Data extract:
((

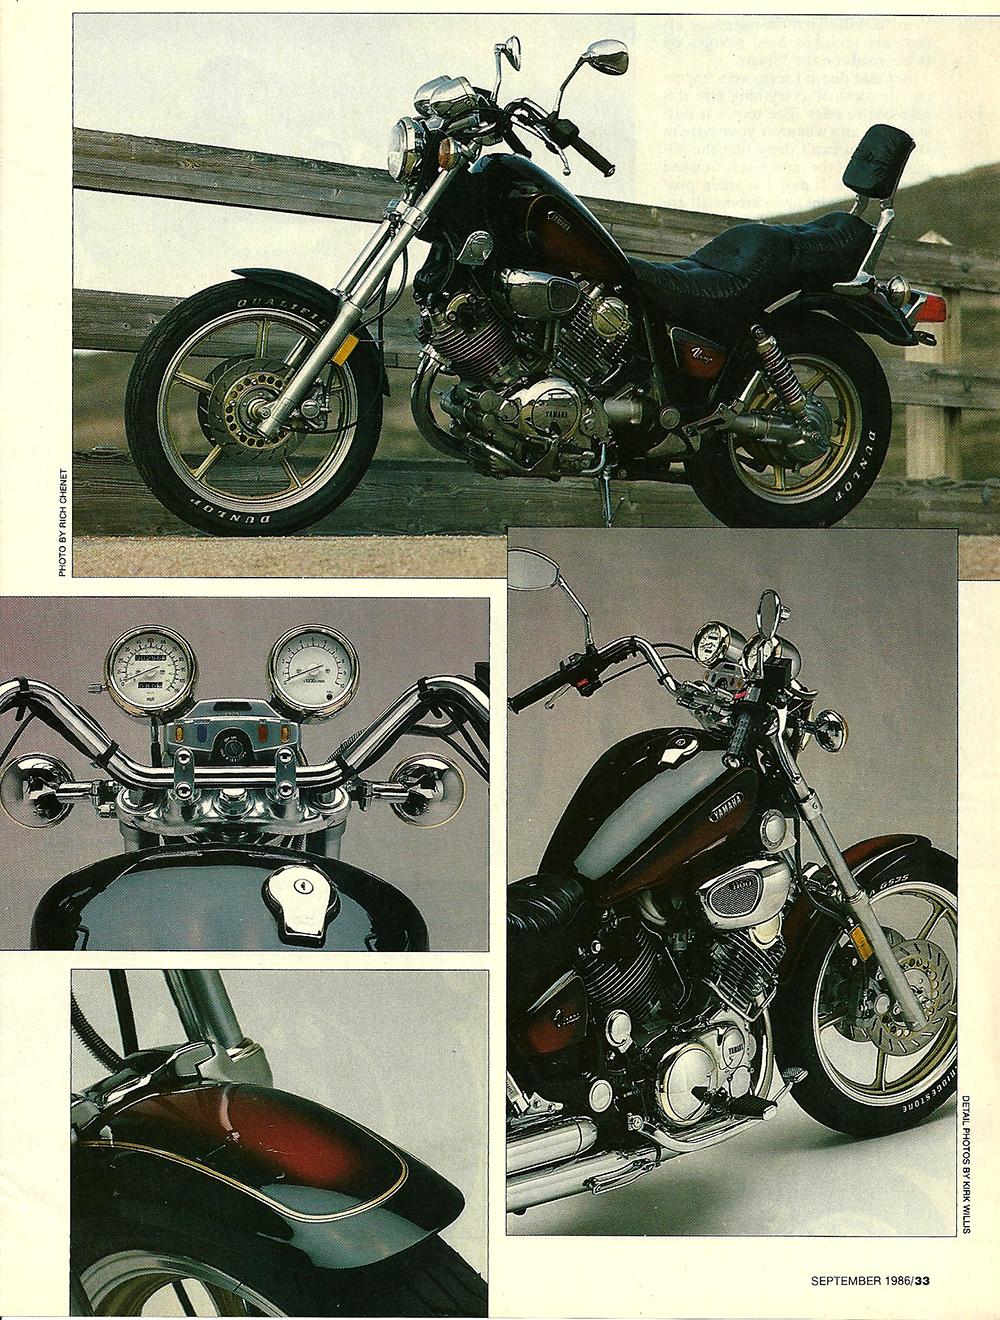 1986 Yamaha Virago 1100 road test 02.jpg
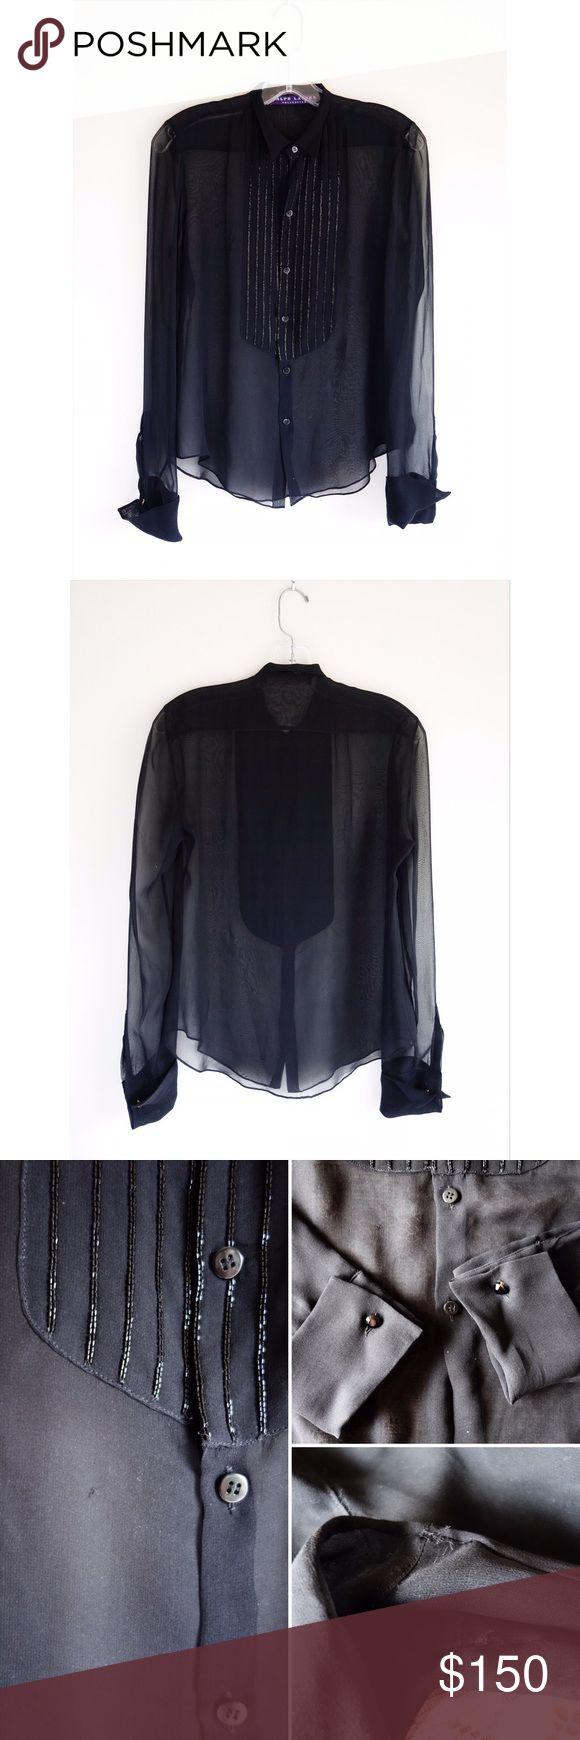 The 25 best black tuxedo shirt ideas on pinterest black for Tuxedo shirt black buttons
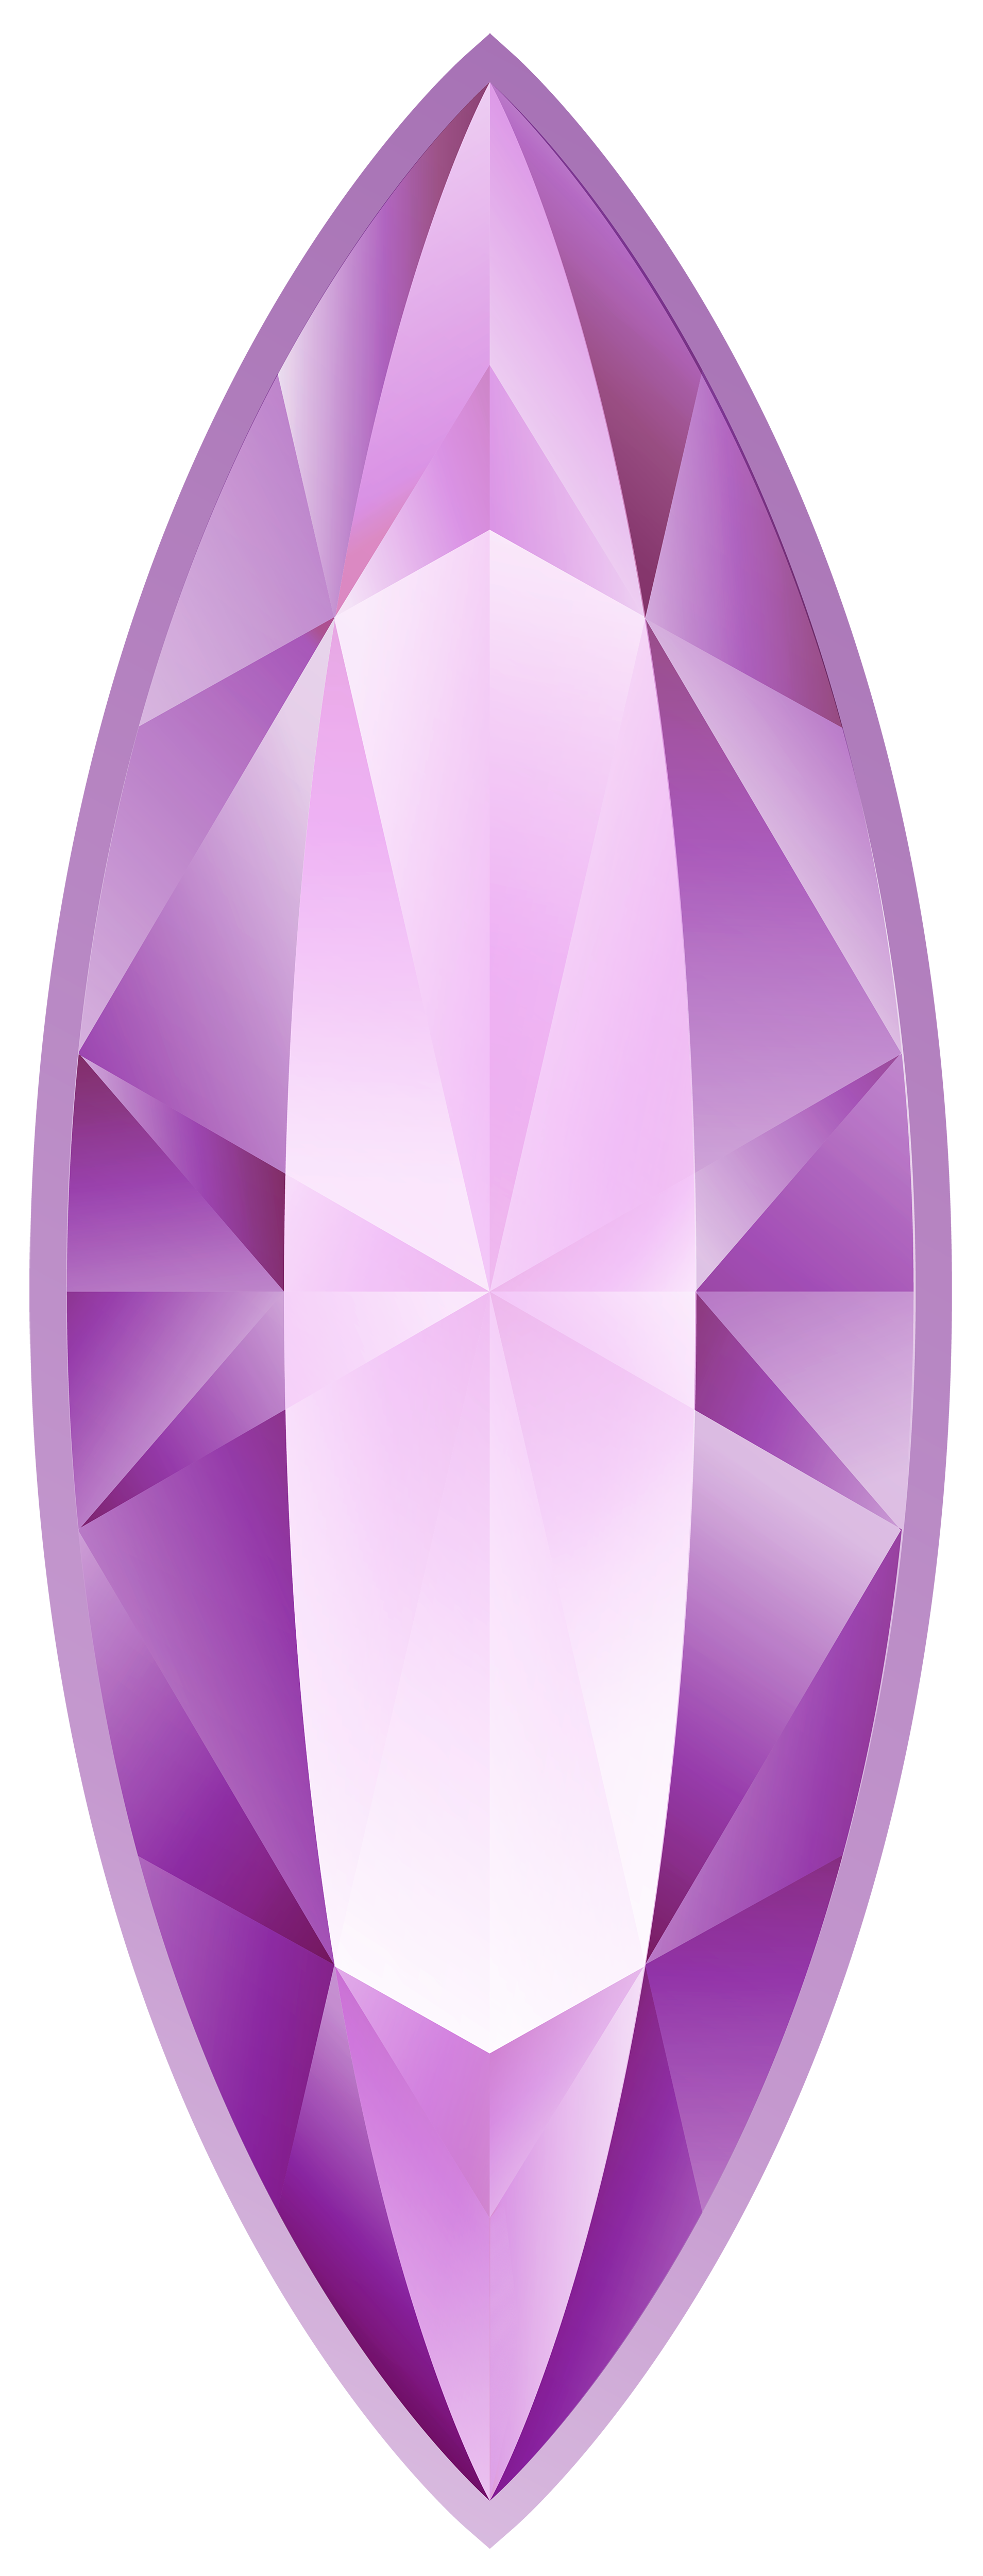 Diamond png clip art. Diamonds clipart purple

))

Leaving out the pictures, repeat the data above exactly.

 1986 Yamaha Virago 1100 road test 02.jpg
 The 25 best black tuxedo shirt ideas on pinterest black for Tuxedo shirt black buttons
 Diamond png clip art. Diamonds clipart purple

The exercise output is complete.